→ Data provided:
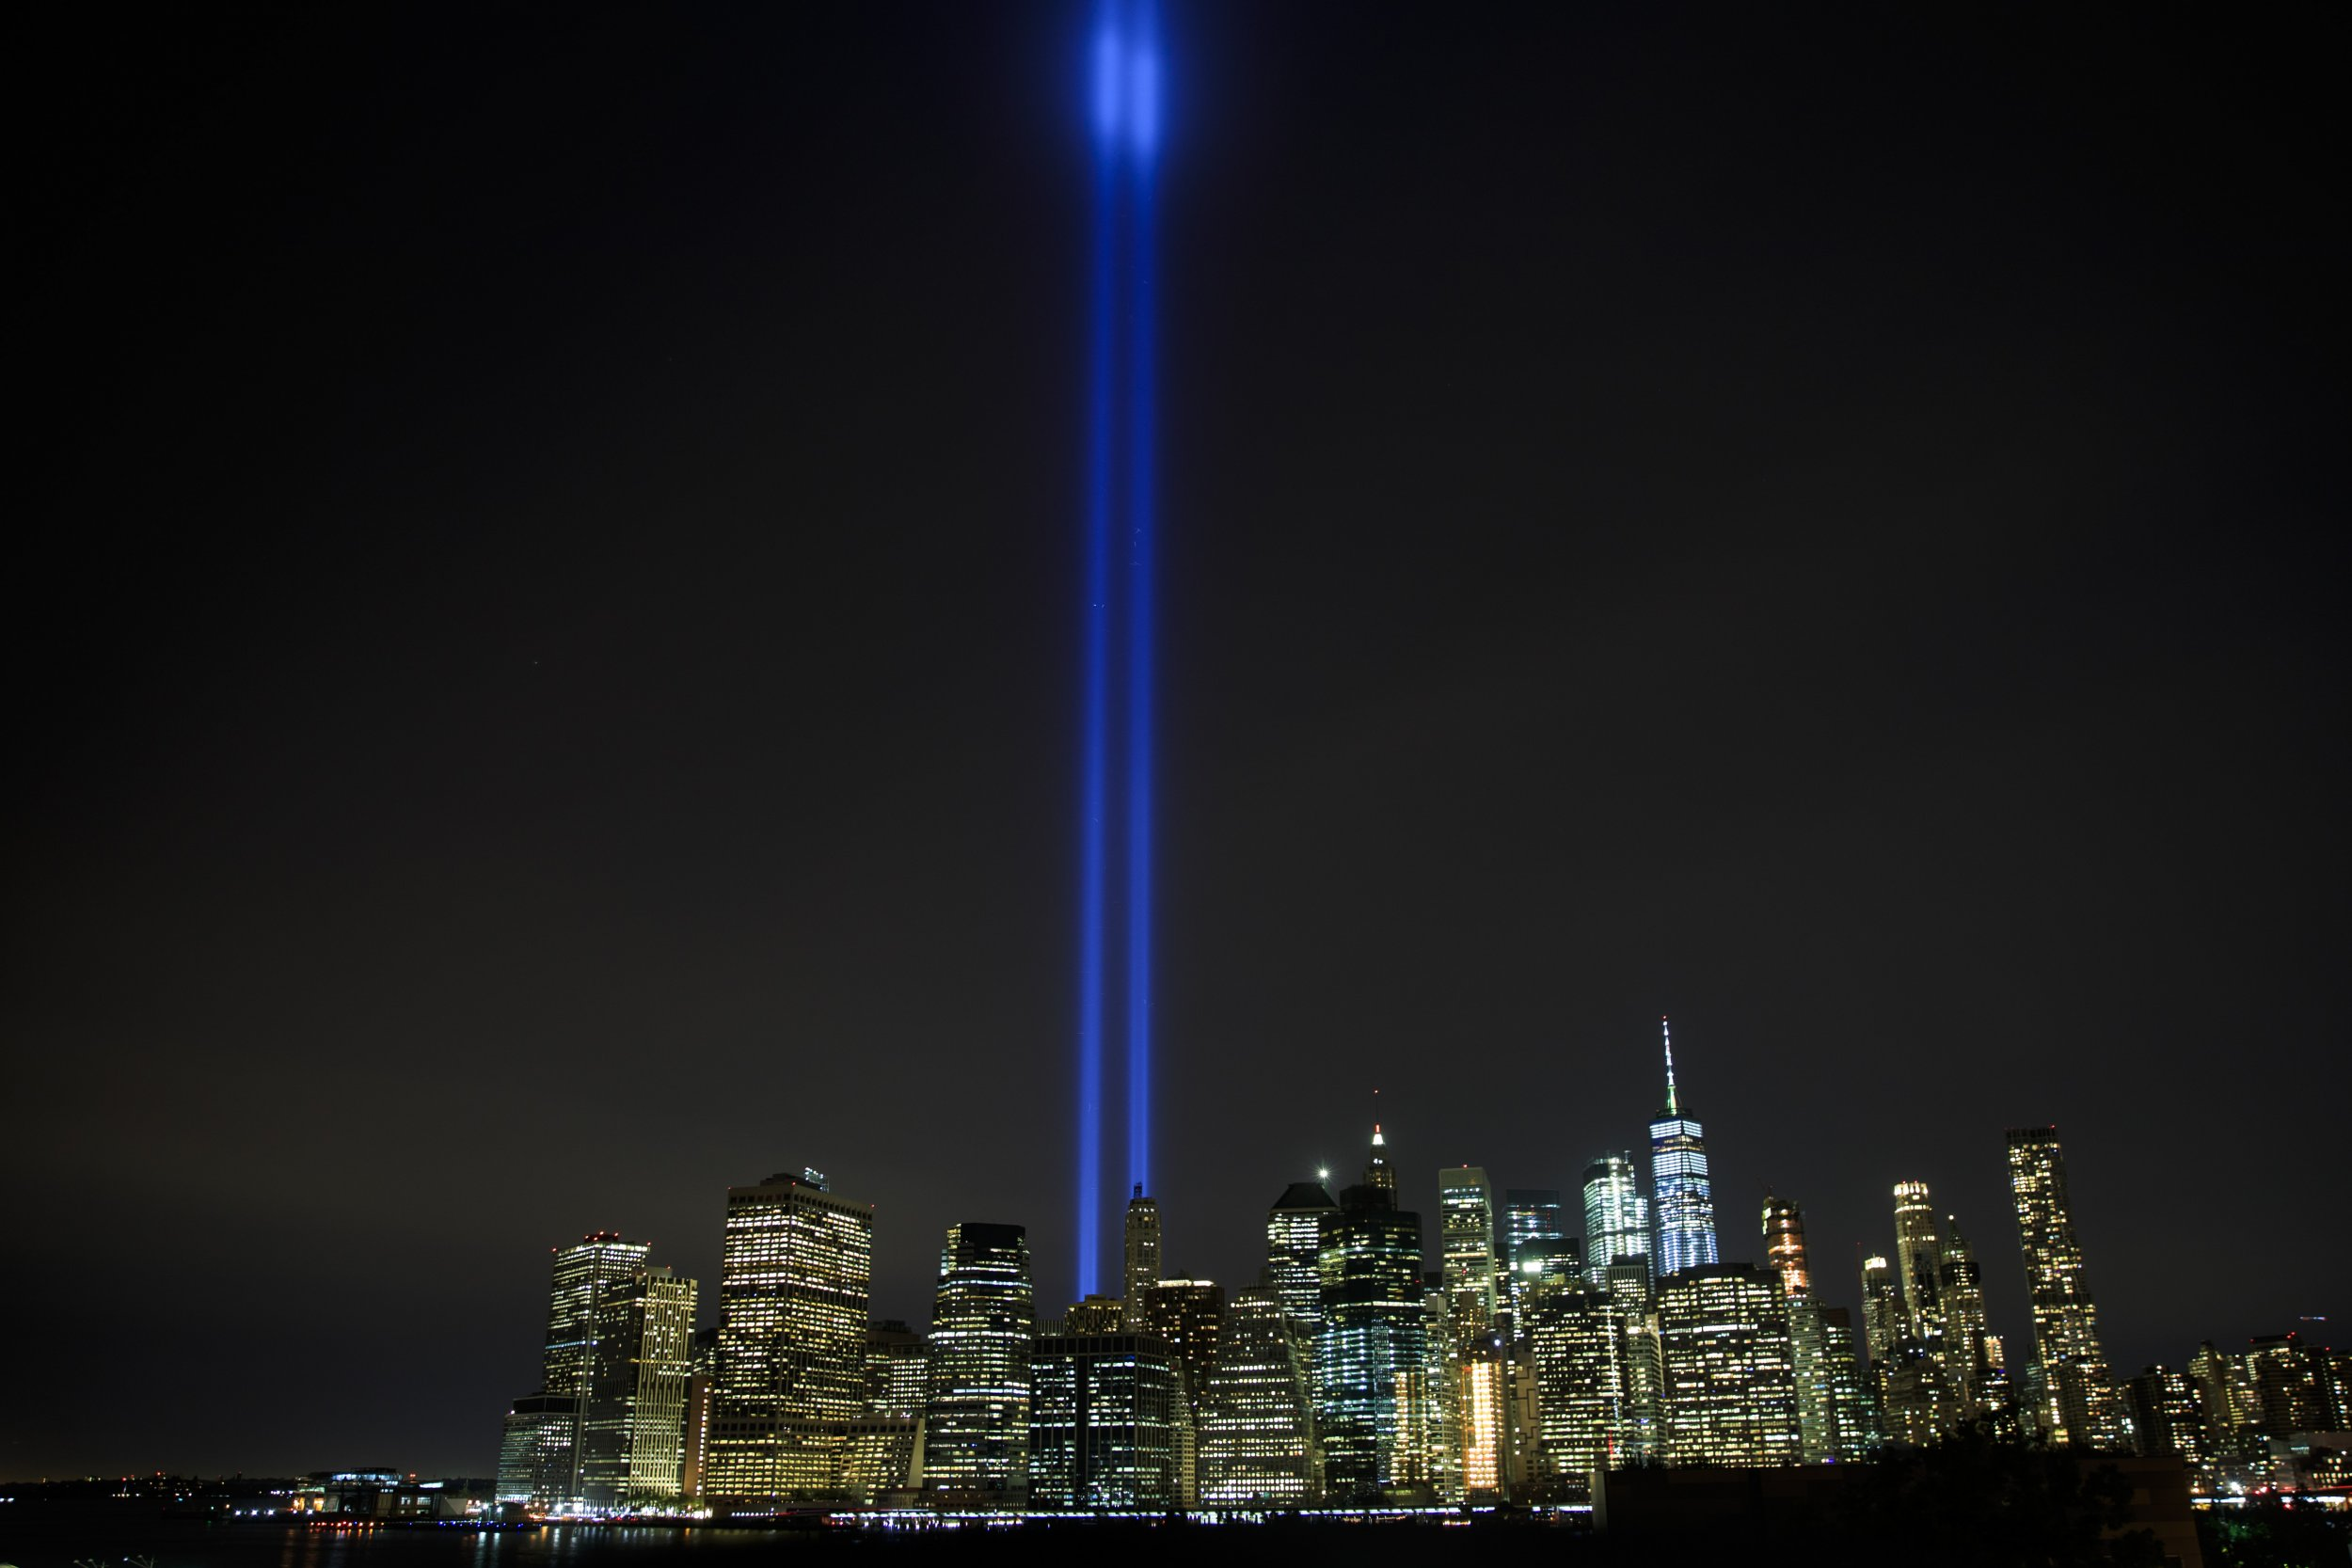 donald trump 9/11 never forget rudy giuliani
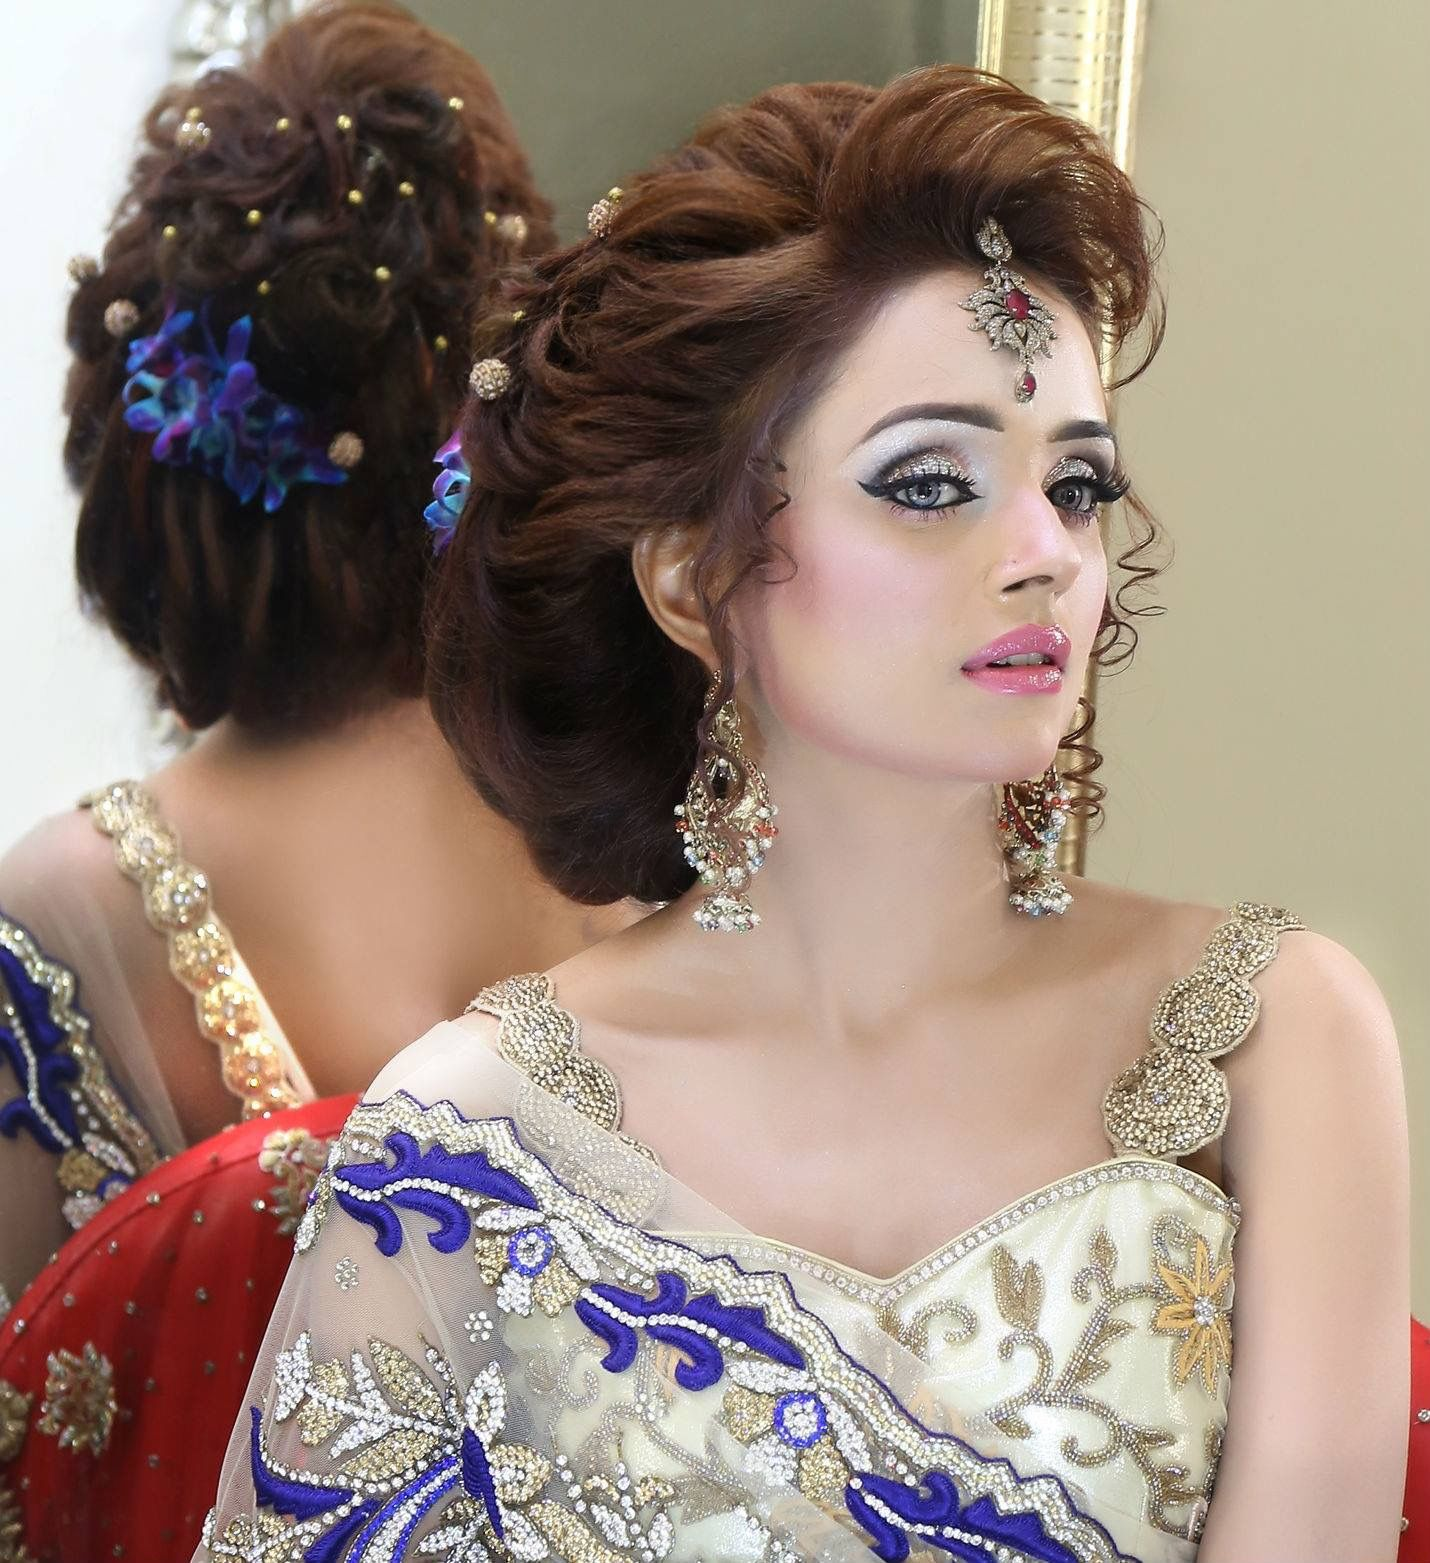 pin by esha ateeq 🇵🇰 on kashee's makeup expert. | pinterest
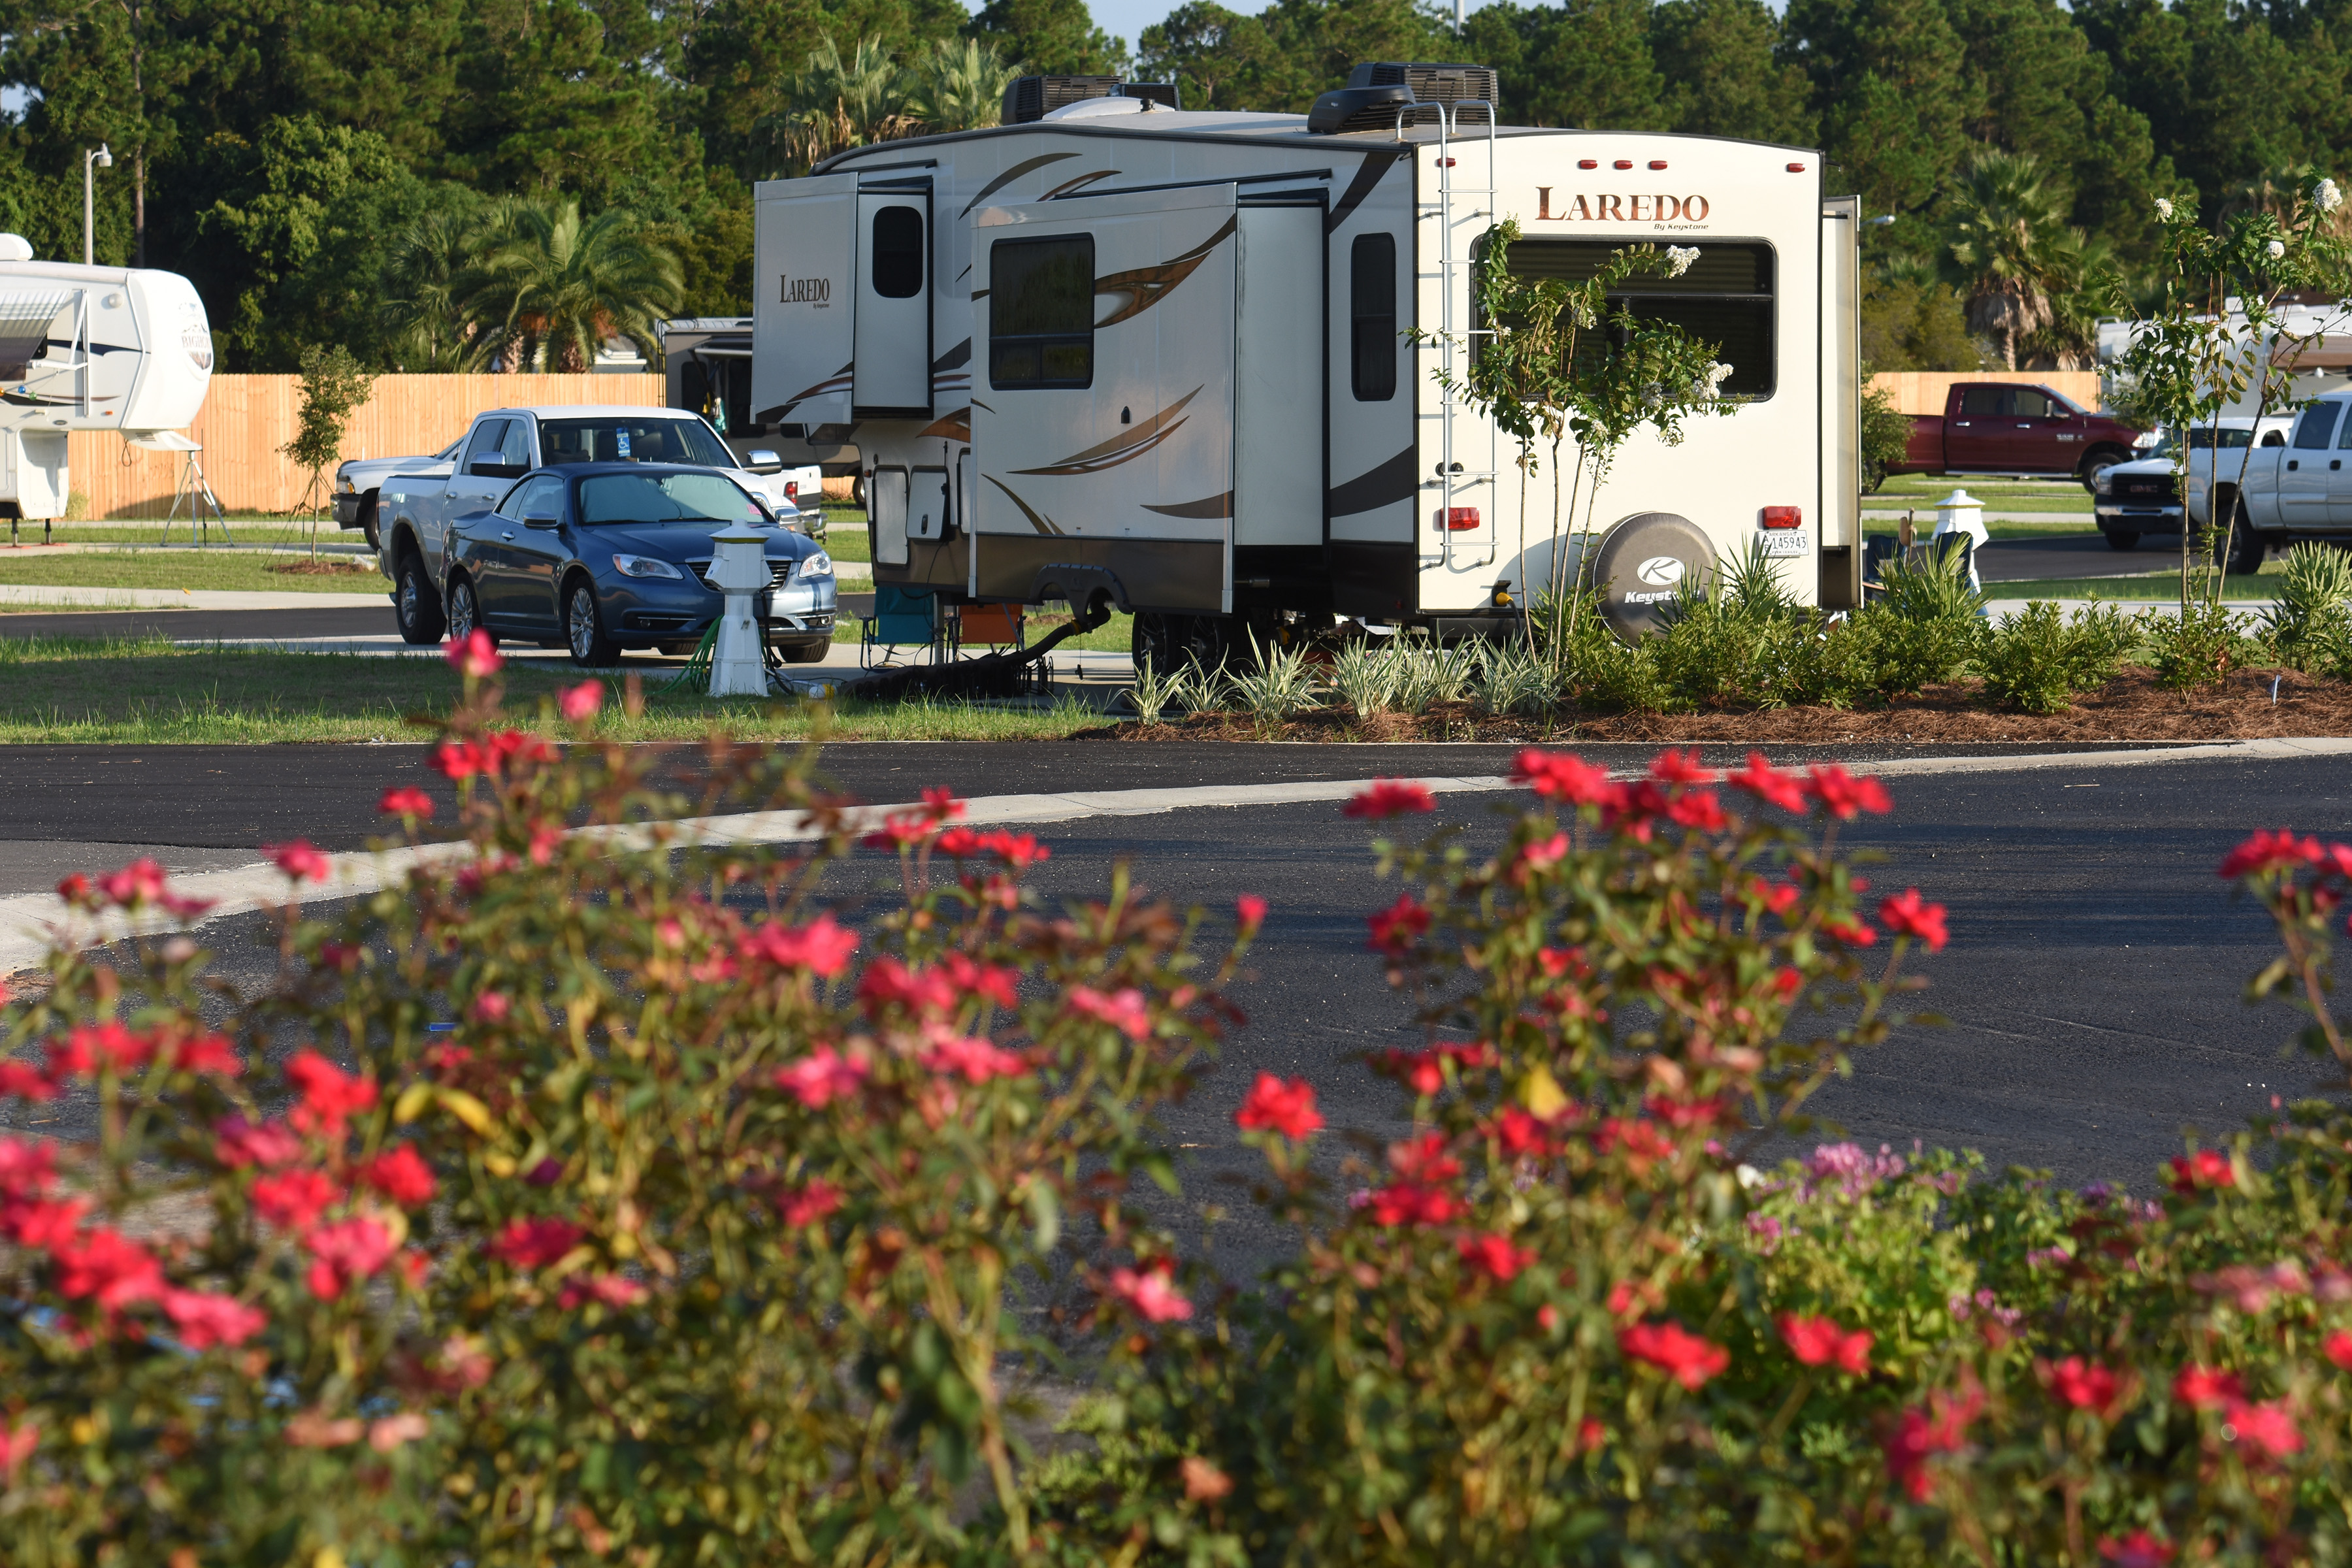 Pandion Ridge Luxury RV Resort - RV sites

→ What is being asked:
All of the lines above must be repeated without alteration, though the pictures are to be excluded.

→ Solution to this exercise:
 donald trump 9/11 never forget rudy giuliani
 pin by esha ateeq 🇵🇰 on kashee's makeup expert. | pinterest
 Pandion Ridge Luxury RV Resort - RV sites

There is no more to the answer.